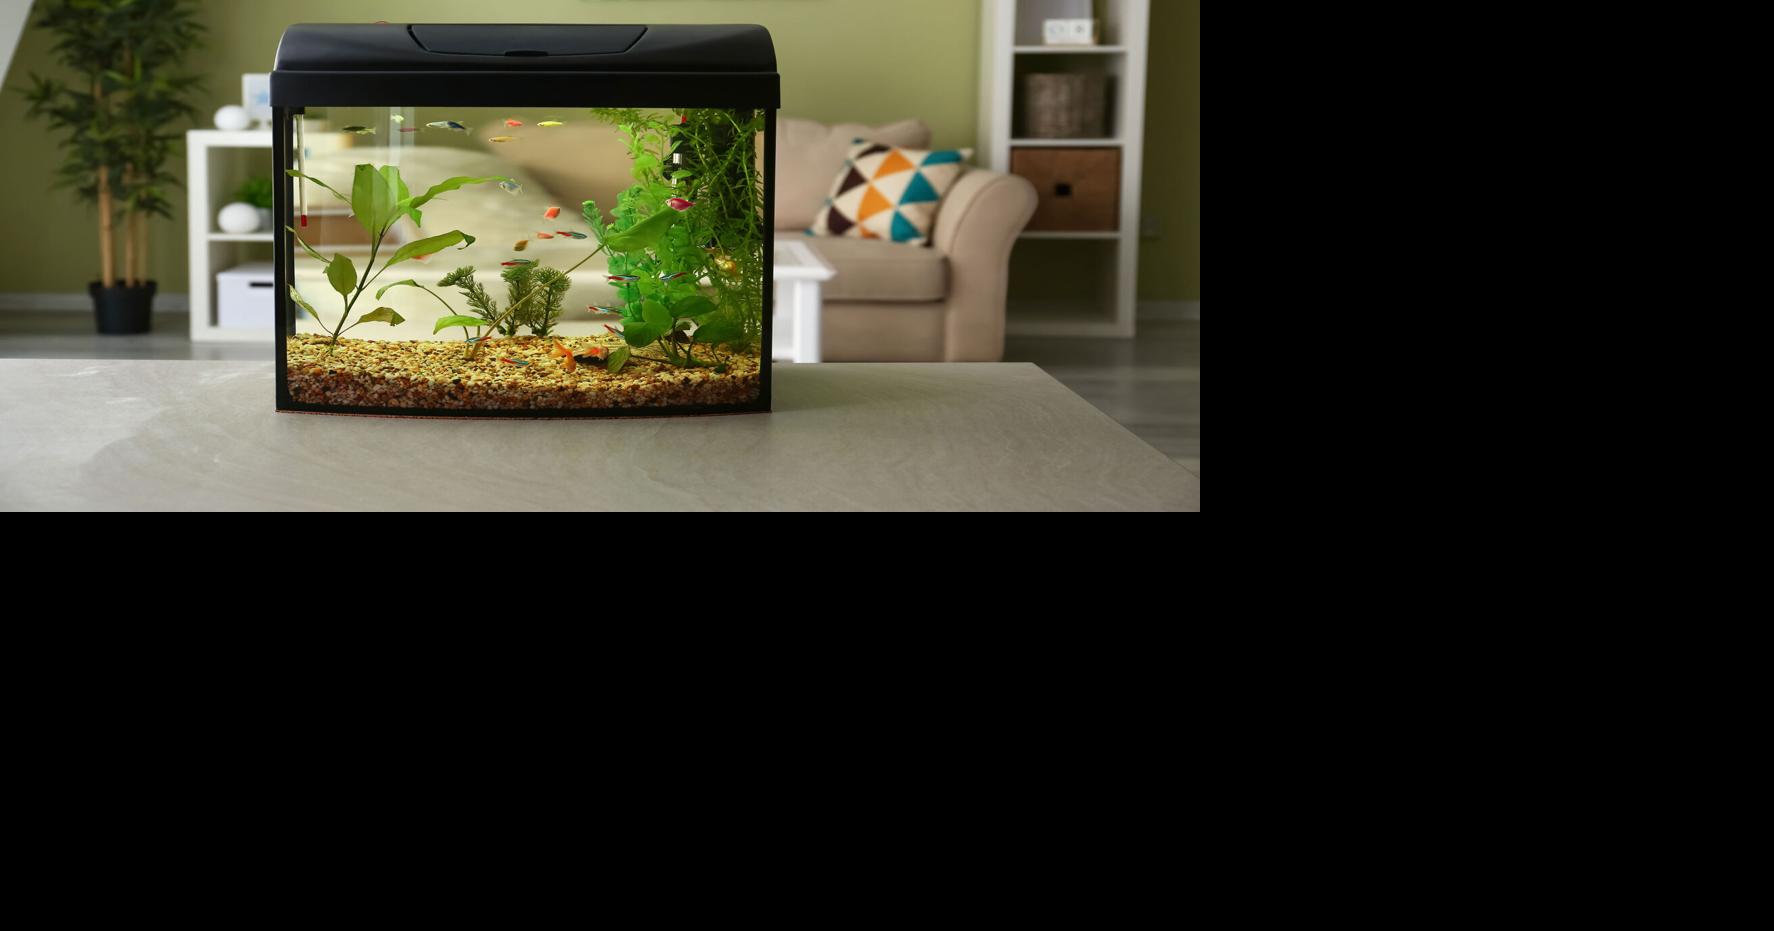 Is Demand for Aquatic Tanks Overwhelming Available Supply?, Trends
======
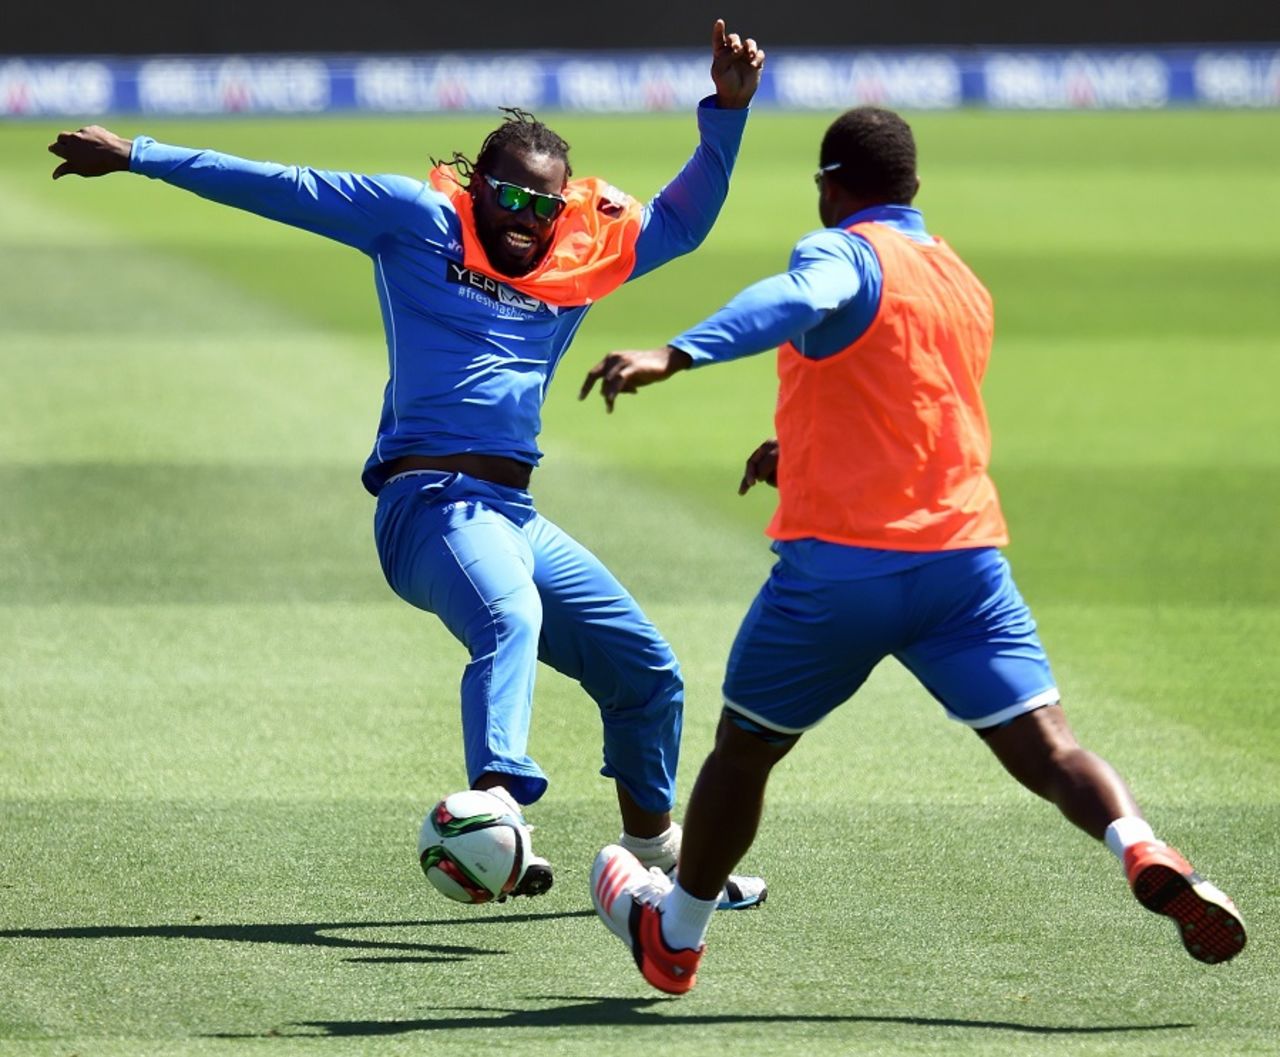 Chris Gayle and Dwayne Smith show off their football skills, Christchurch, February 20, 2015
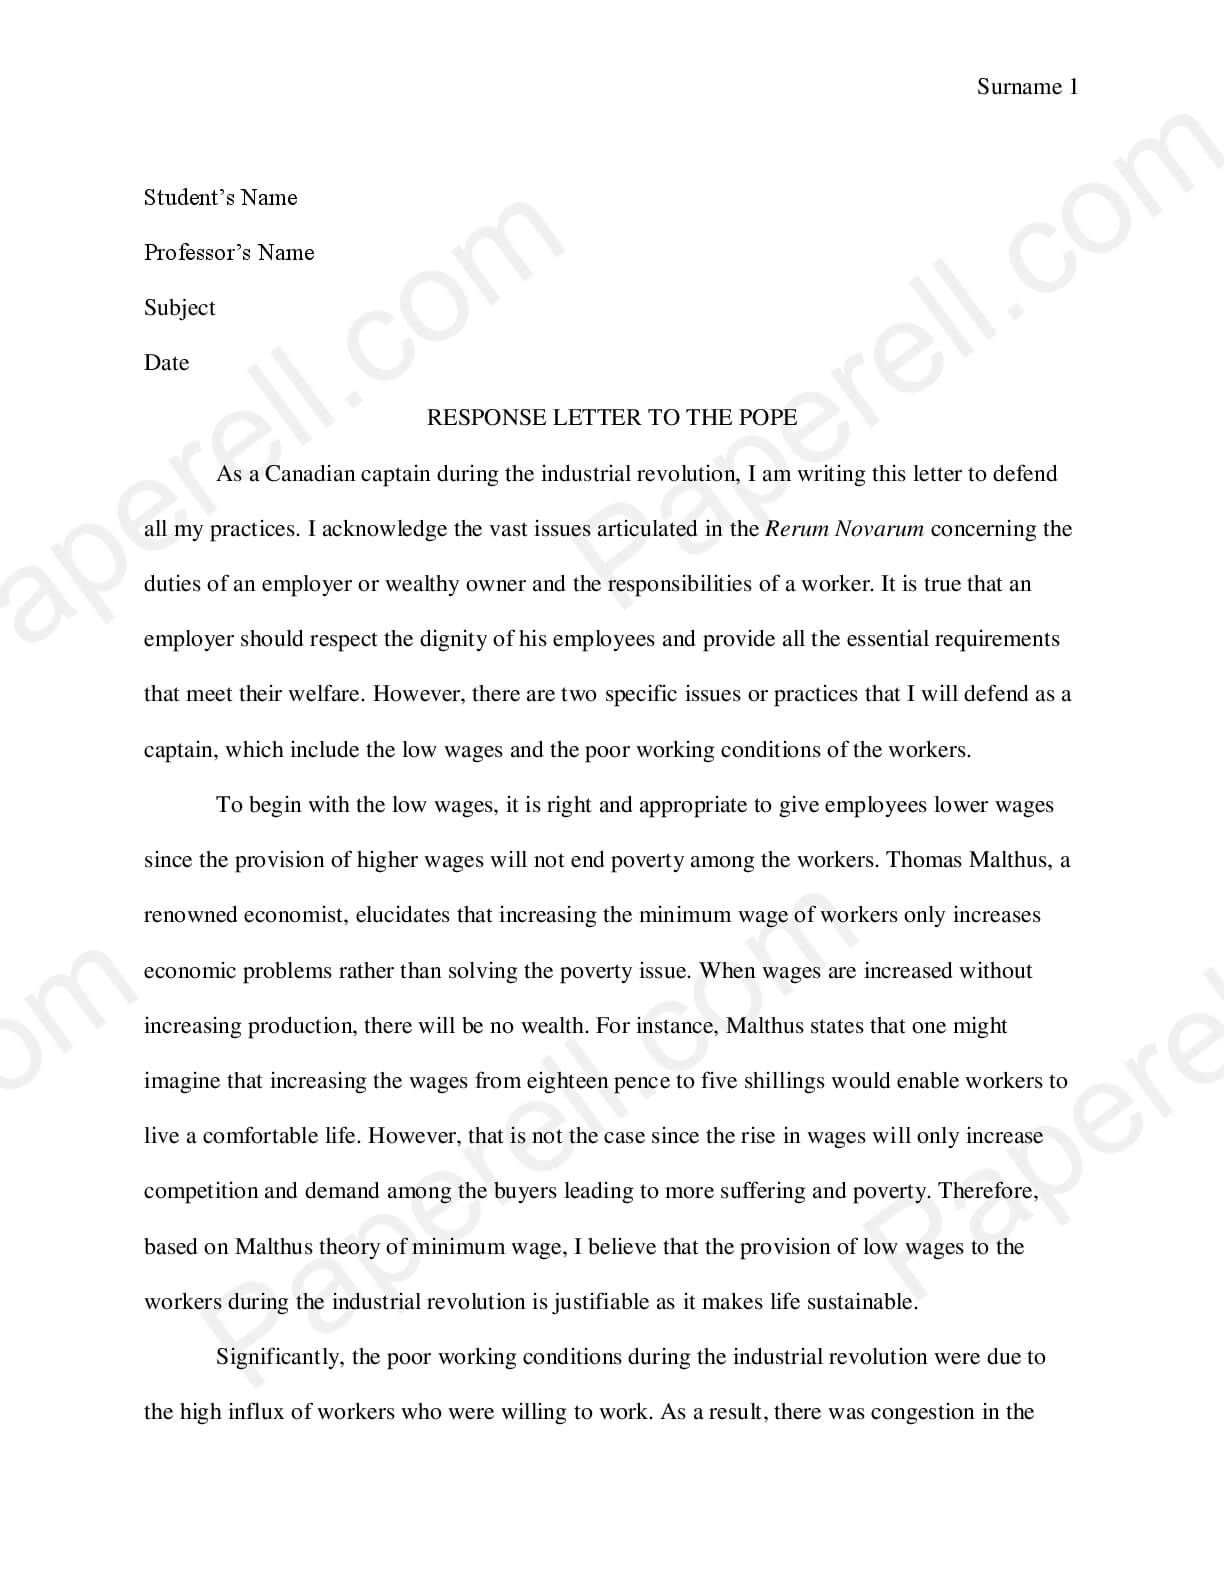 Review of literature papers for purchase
======
Beginning with the line above that contains "Chris Gayle and" and finishing with the line that contains "Review of literature papers for purchase", print those lines exactly and only. Skip all pictures.

 Chris Gayle and Dwayne Smith show off their football skills, Christchurch, February 20, 2015
 Review of literature papers for purchase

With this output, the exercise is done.